# Sweetgum, not just for mulch now



## SDB777 (Dec 30, 2012)

Just thought I'd show ya'll a recently turned pen. The pen kit was actually just pieced together stuff I had leftover from making other pens.

Used a piece of Arkansas Sweetgum(sometimes called Redgum around here). This is a rollerball ink stick, and the hardware is plated gold(no it's not real gold). Turned between centers and checked repeatedly with the calipers to make sure I got to the correct diameter! Sanded through 800grit, EEE and waxed....no CA finish on this one!(To tell the truth, my nasal cavity loves me for not messing with CA during this turning, and I might do it more often)









And a close-up of just the timber:







Bonus turning! Did the same steps as above, but the timber is Eastern Red Cedar(with the knot)! I did wipe this one down with some BLO before final EEE/waxing. Makes the grain stand-up just a bit better.....









These sure are fun to make, and generally I don't have them too long before someone else gets the idea that they would like to take them to a new home! Thanks for looking!!!

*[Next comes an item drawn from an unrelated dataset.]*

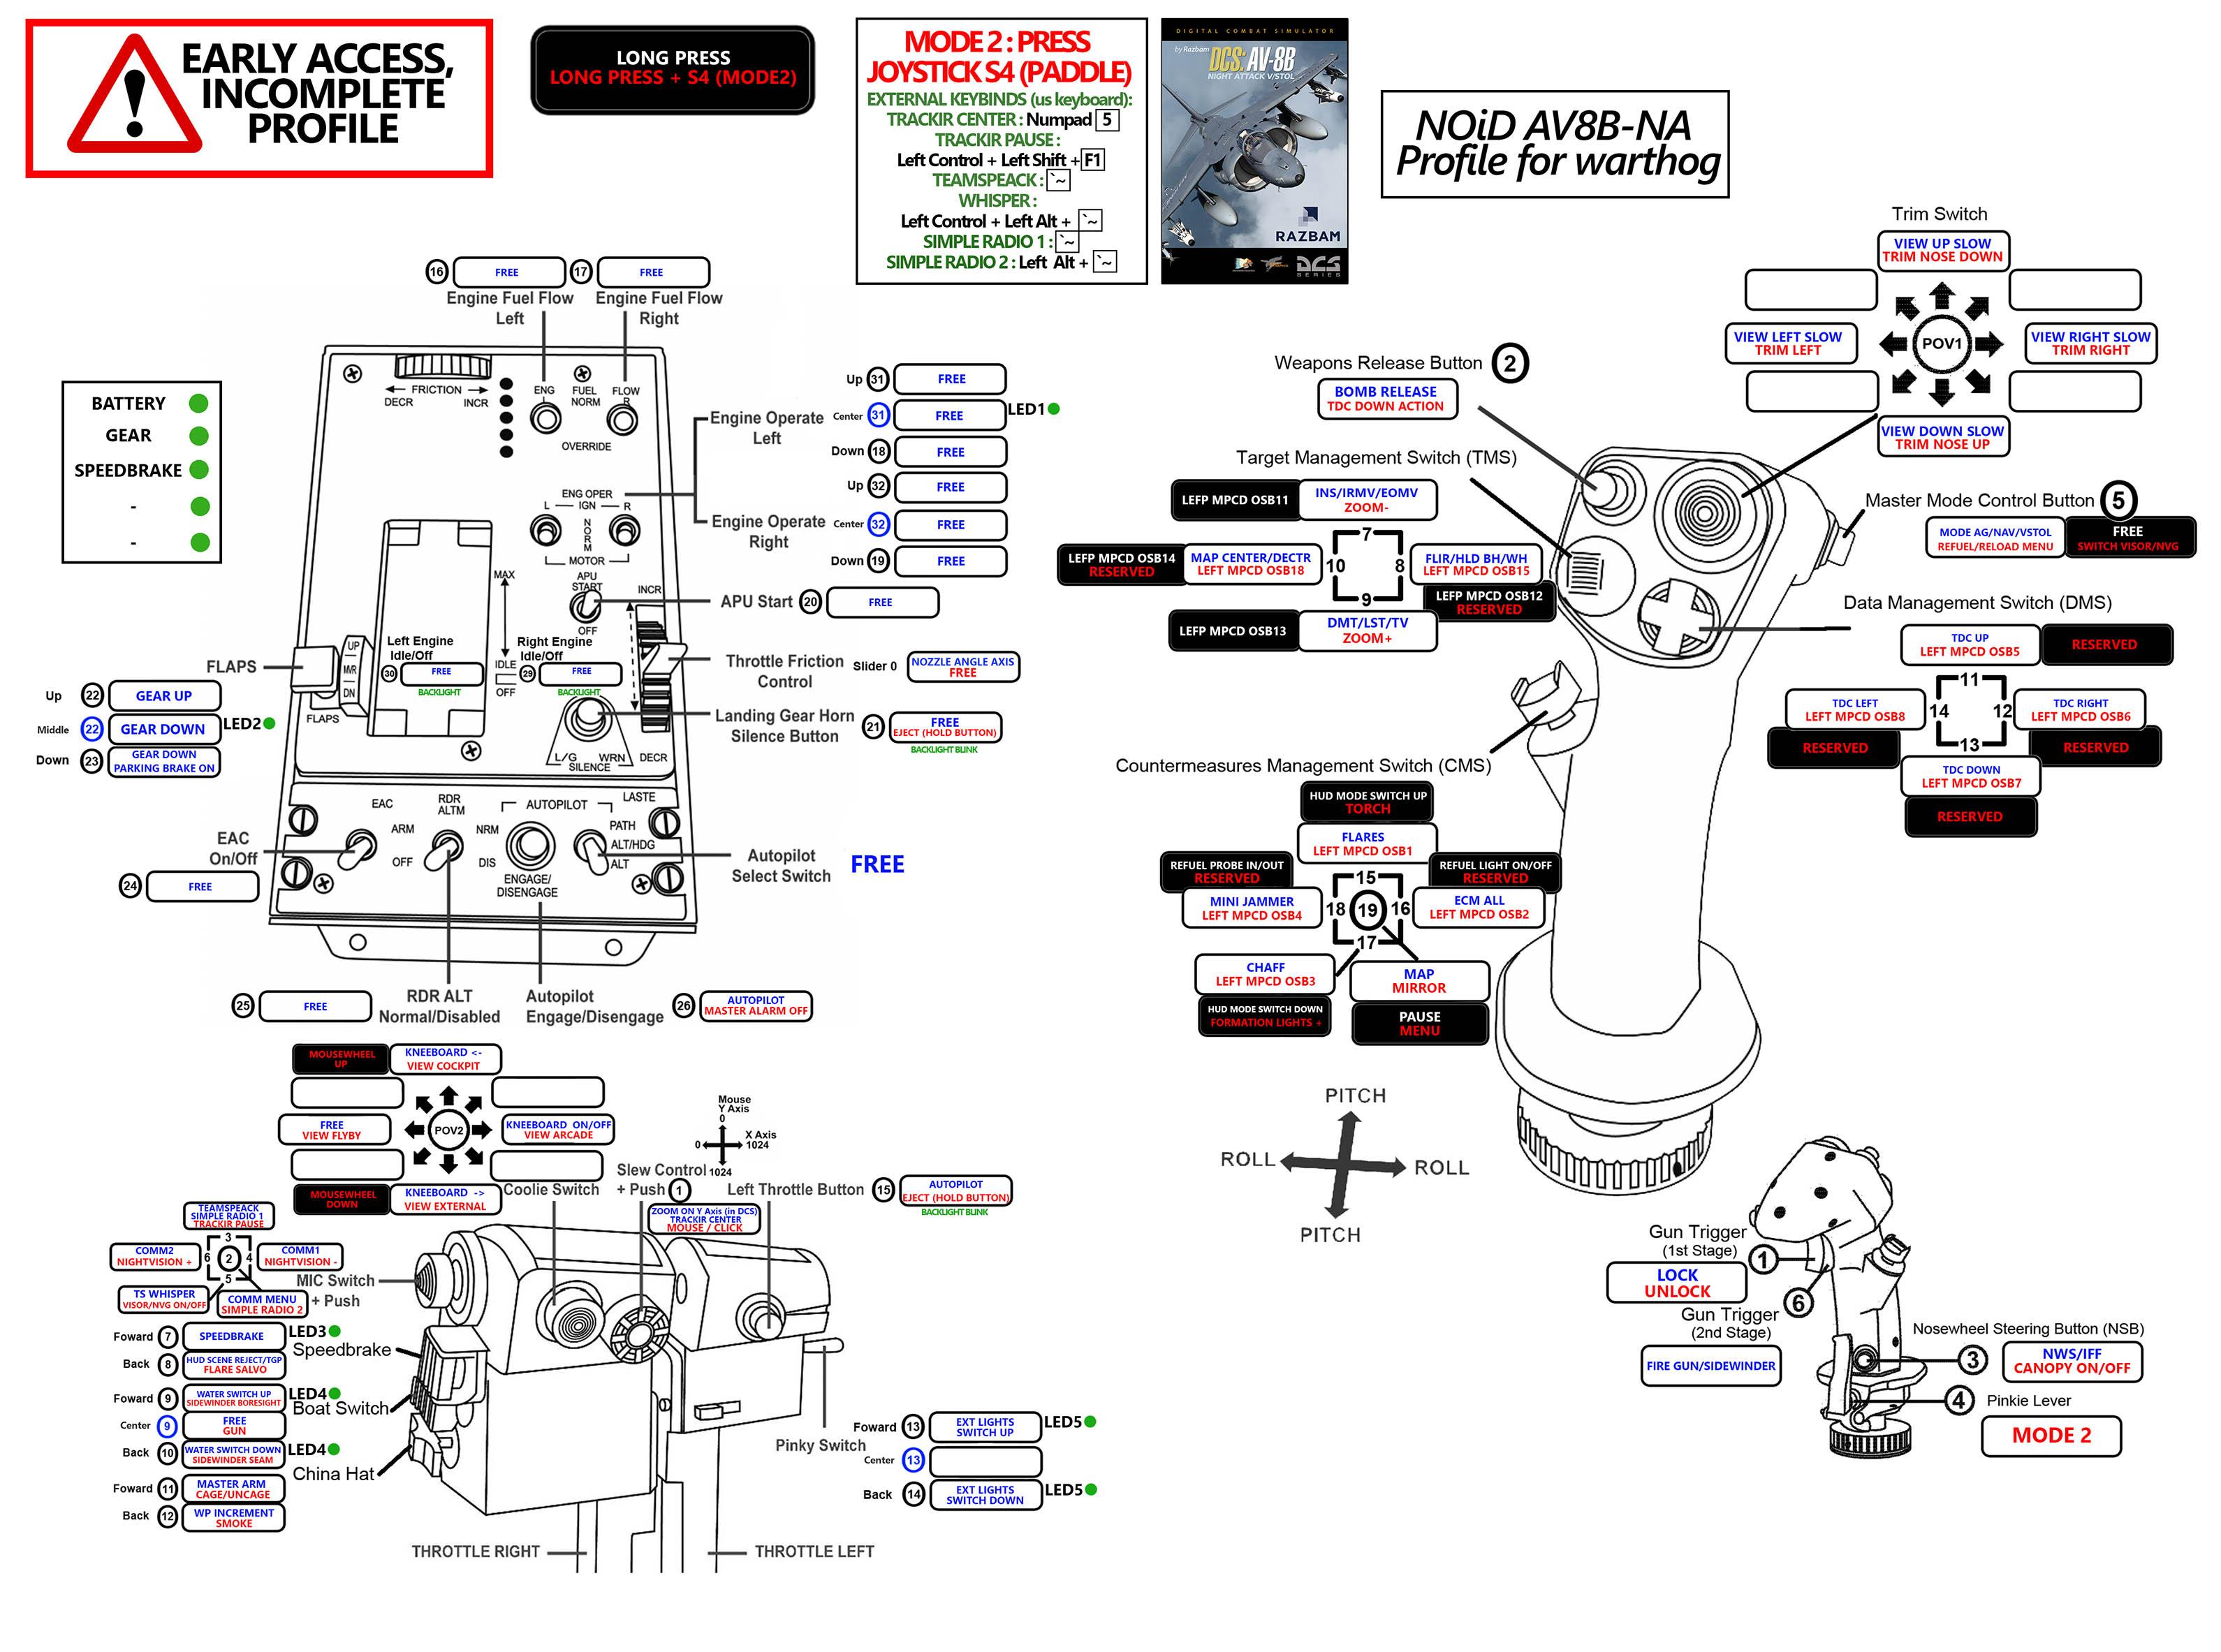 Hotas Warthog Profile for RAZBAM AV8B-NA (Shiftstate/TrackIR

Scott (I wish it were warmer) B


----------



## graybear13 (Dec 30, 2012)

Nice!! I'm quite fond of sweet gum for carving and it has some pretty grain.


----------



## discounthunter (Dec 31, 2012)

nice work. sweet gum is often overlooked. it spalts nice and comes in lots of shades to the wood.


----------



## twochains (Jan 1, 2013)

Really nice! Hey, I'm just up the hill about two hours from ya! Bro n law and Sis n law live in Cabot.


----------



## SDB777 (Jan 1, 2013)

twochains said:


> Really nice! Hey, I'm just up the hill about two hours from ya! Bro n law and Sis n law live in Cabot.



You should stop by sometime! We can shoot the bull and fire up a few chainsaws(love to run 'em and make the new neighbors feel welcome). 



Scott (been turning cherry today) B


----------